Manger trop de cholestérol peut avoir des effets cardiaques néfastes, mais manger des quantités modestes d’aliments contenant du cholestérol dans le cadre d’une alimentation globale saine pour le cœur est acceptable, selon un nouvel avis scientifique sur le cholestérol alimentaire et le risque cardiovasculaire publié par l’American Heart Association (AHA).

« Nous avons entrepris la rédaction de cet avis motivé en partie par le fait que les Dietary Guidelines for Americans (DGA) de 2015 disaient que le cholestérol n’était pas un nutriment préoccupant parce que l’apport de l’Américain moyen se situait à un niveau approprié », a déclaré à theheart.org | Medscape Cardiology Jo Ann Carson, PhD, RDN, professeur de nutrition clinique à l’University of Texas Southwestern Medical Center à Dallas et présidente du comité consultatif scientifique de l’AHA qui a élaboré l’avis.

« Nous avons examiné des études d’observation et d’autres études qui contrôlent les variables, et bien que les résultats des différentes études soient variés à coup sûr, lorsque vous reculez et regardez la situation dans son ensemble, cela indique que le cholestérol alimentaire a de l’importance », a-t-elle déclaré.

« Si les gens suivent un modèle alimentaire sain pour le cœur, comme le régime méditerranéen ou le régime DASH (Dietary Approaches to Stop Hypertension), dans lequel leur assiette est à moitié remplie de fruits et de légumes qui ne sont pas enrobés d’aliments d’origine animale, vous garderez votre cholestérol alimentaire dans la fourchette appropriée et comparable à ce que l’Américain moyen mange aujourd’hui », a ajouté Carson.

L’avis a été publié en ligne le 16 décembre dans la revue Circulation.

Question controversée

Historiquement, le conseil offert par les directives nutritionnelles pour réduire le risque de maladie cardiovasculaire (MCV) était de limiter le cholestérol alimentaire. Cependant, les lignes directrices contemporaines pour la réduction du risque de MCV, y compris les lignes directrices sur le mode de vie pour la réduction du risque cardiovasculaire de l’AHA/ACC de 2013 et les lignes directrices sur la gestion du cholestérol de 2018 de plusieurs sociétés ne comprenaient pas de limites spécifiques sur la consommation de cholestérol.

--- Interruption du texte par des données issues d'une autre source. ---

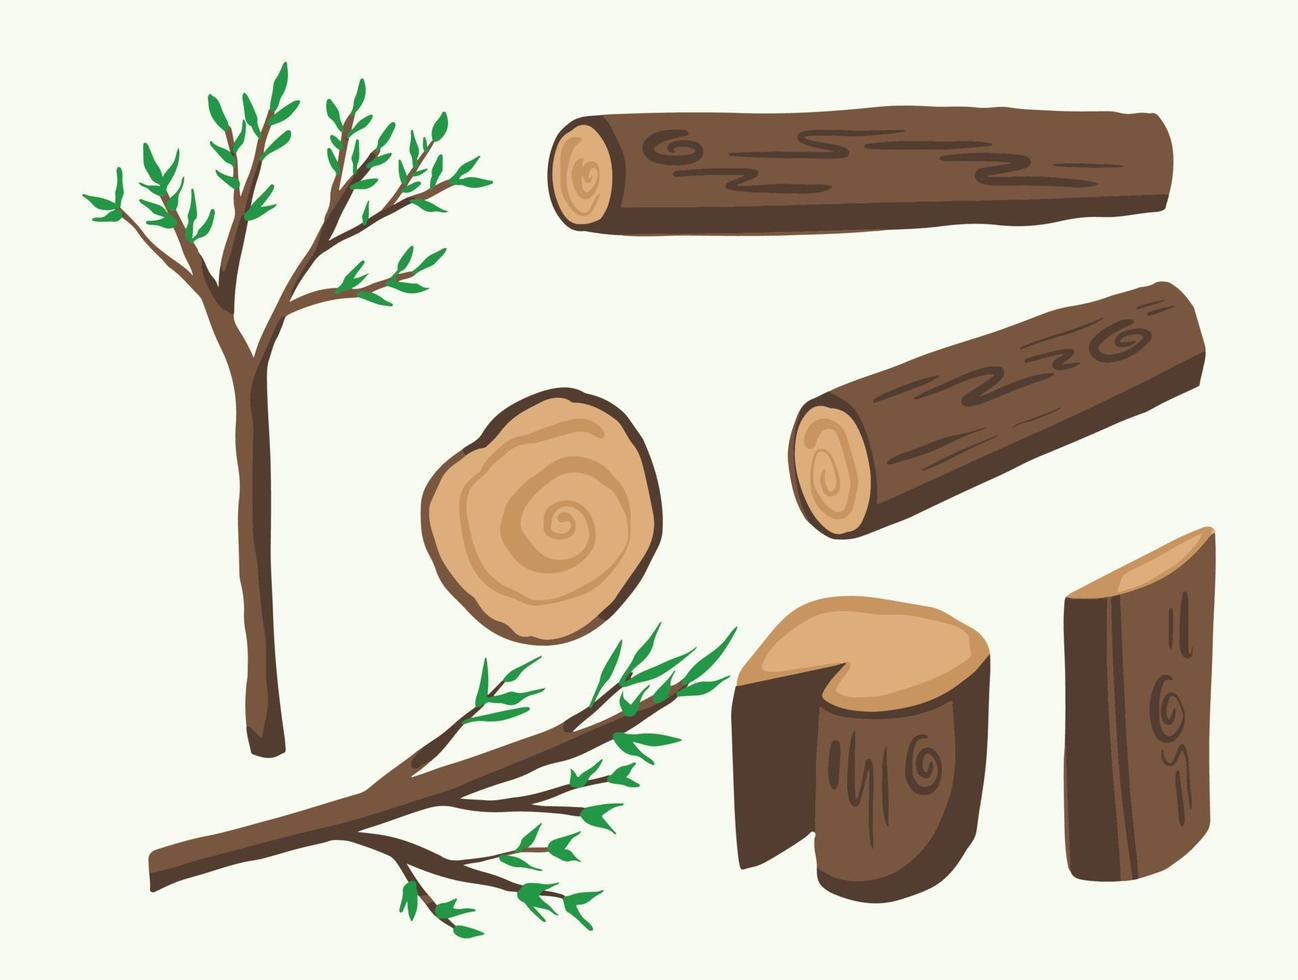 Illustrationsset aus Baum und Wald oder Ast und Stumpf in verschiedenen Formen und Winkeln. Vektor flache Kunststilzeichnung mit Cartoon-Kunststil.
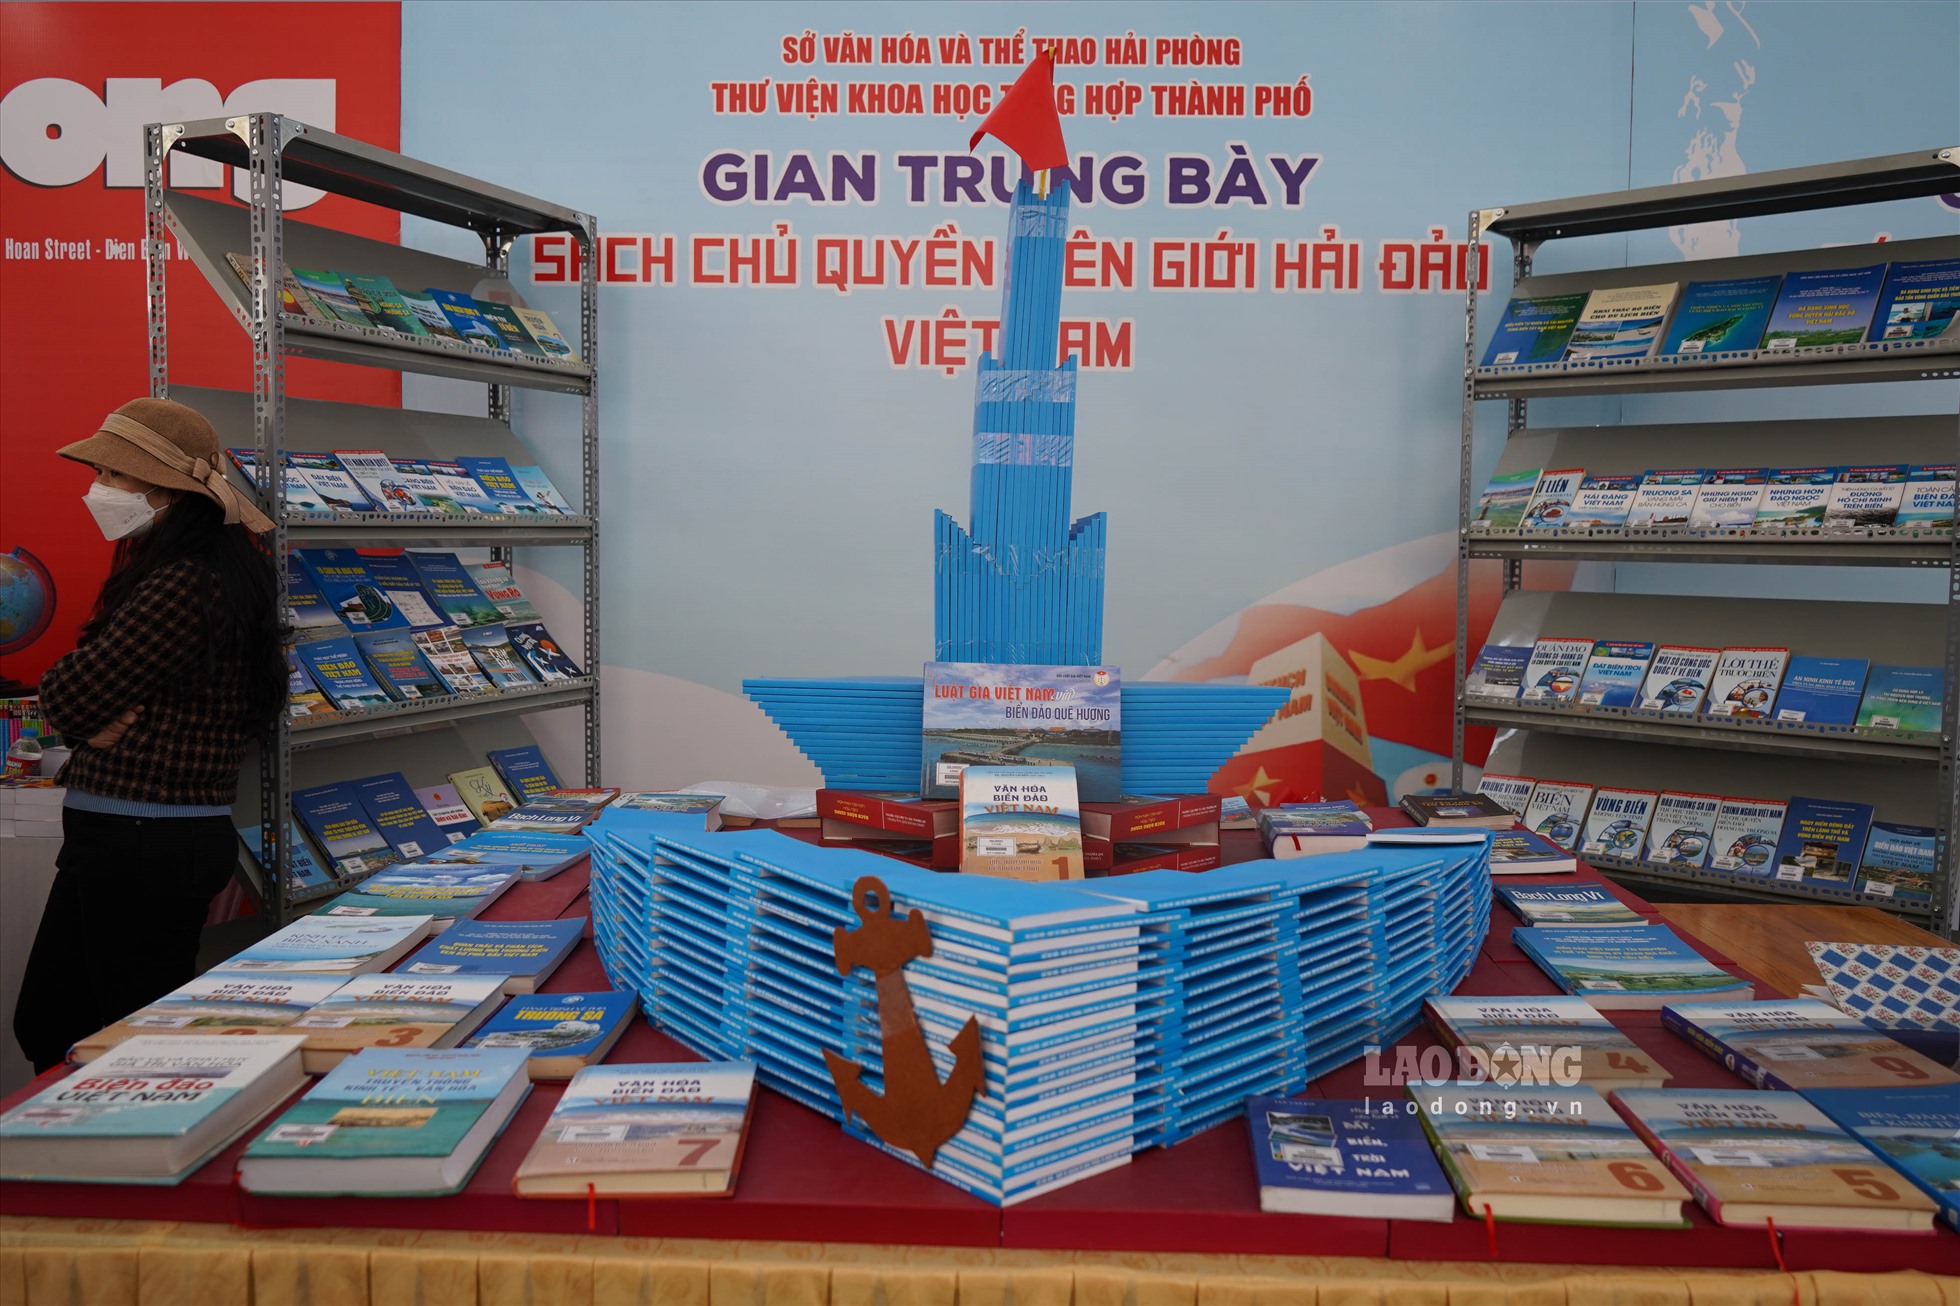 Các gian trưng bày sách về Chủ tịch Hồ Chí Minh và chủ quyền biên giới hải đảo Việt Nam.

Et bien que la ligne directrice de 2019 de l’ACC/AHA sur la prévention primaire des maladies cardiovasculaires ait déclaré que  » des quantités réduites de cholestérol et de sodium peuvent être bénéfiques pour diminuer le risque de MCV athérosclérotique « , elle n’a pas suggéré de paramètres spécifiques. De même, le DGA 2015-2020 n’a pas inclus de limites sur la quantité de cholestérol pouvant être consommée.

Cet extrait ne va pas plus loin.